Why do you need access to capital in order to price in the risks or the cost of relevant insurance? (That’s what I meant by amortising, I might have used a wrong term.)

Why are you “facing thin margins” like it is not an open market where you set your prices and your margin is your choice?


Returns-chasing isn’t some moral failure, it’s the mechanism by which capital gets allocated. If you strip that out, you don’t get fewer “bad” companies, you just get less disciplined pricing of risk and more capital scarcity overall.

On farming: margins aren’t simply “a choice.” Prices are set in global commodity markets, not by a farmer unilaterally. Thin margins are structural, and access to capital or insurance is exactly what helps them survive volatility rather than get wiped out.

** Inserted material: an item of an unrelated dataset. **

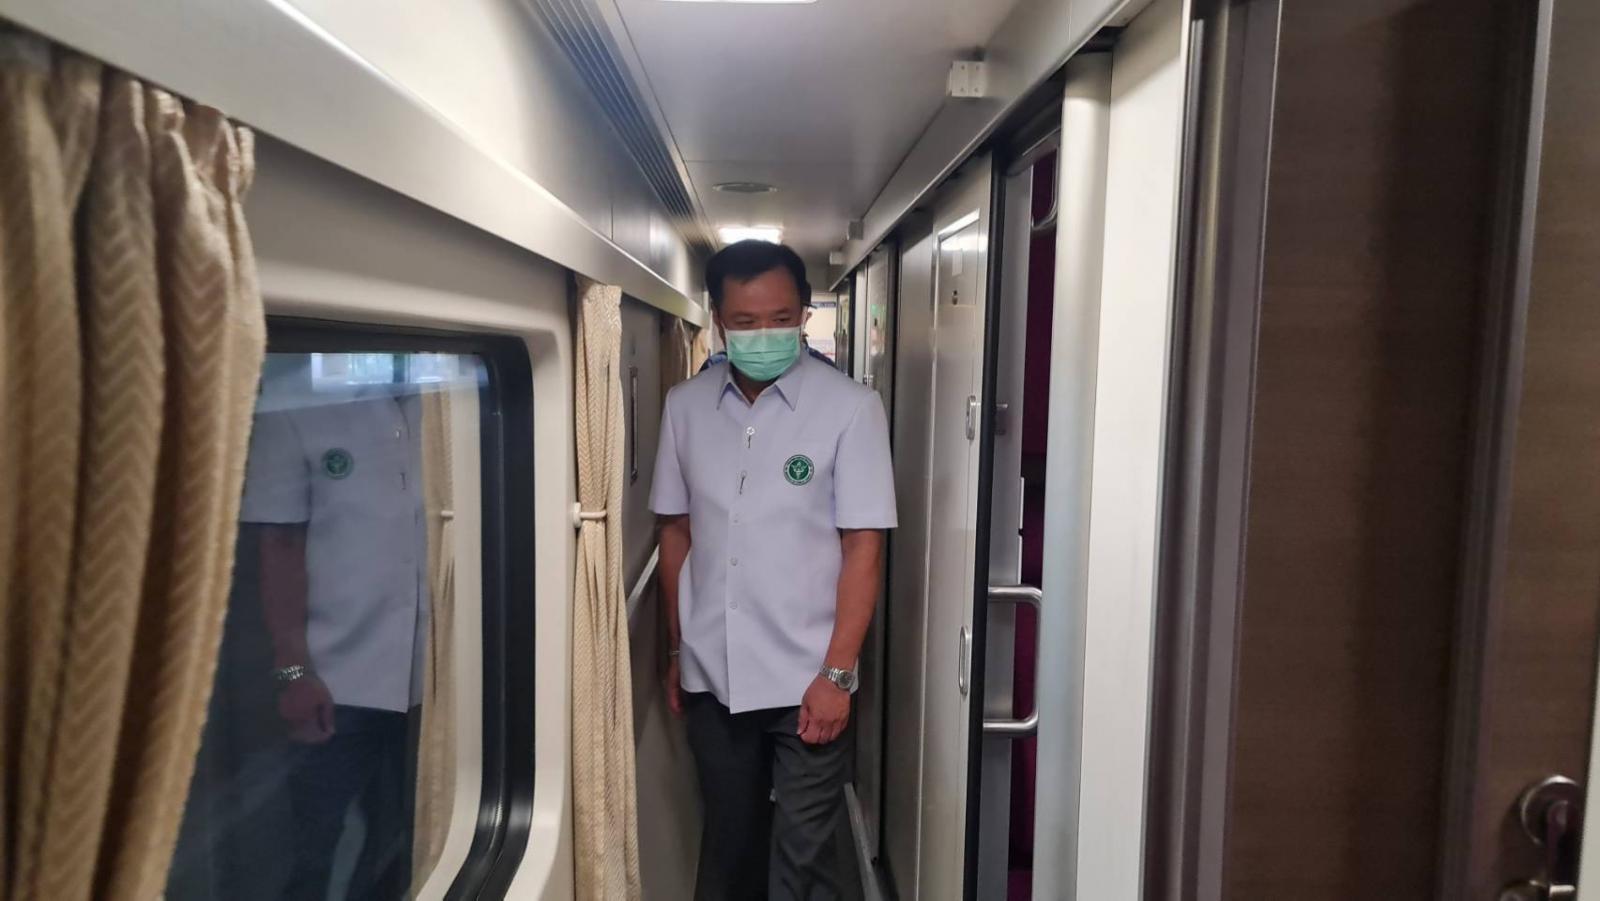 รถไฟสายอีสานส่งผู้ป่วยโควิด 135 คนกลับไปรักษาตัวที่บ้านเกิด

I am not sure why you think farmers get to set price on a commodity item. They don’t and because of that will often leverage future contracts or other hedges to bake in prices early.


> less disciplined pricing of risk

I think it’s up to every participant’s discipline and that’s fair enough. If one sets prices in too much, another local farmer will sell more. If another local farmer undercuts on price, they’ll suffer more when times are tough and weather is bad.

> more capital scarcity

If there is a lot of capital knowingly feeding ethically problematic and/or incompetent companies due to an expectation of return (and then ensuring that return by promoting those companies), then less capital is absolutely better.

Regarding the rest of your comment, I’m not as advanced in this subject, so to me you seem to only list more issues with the system as is.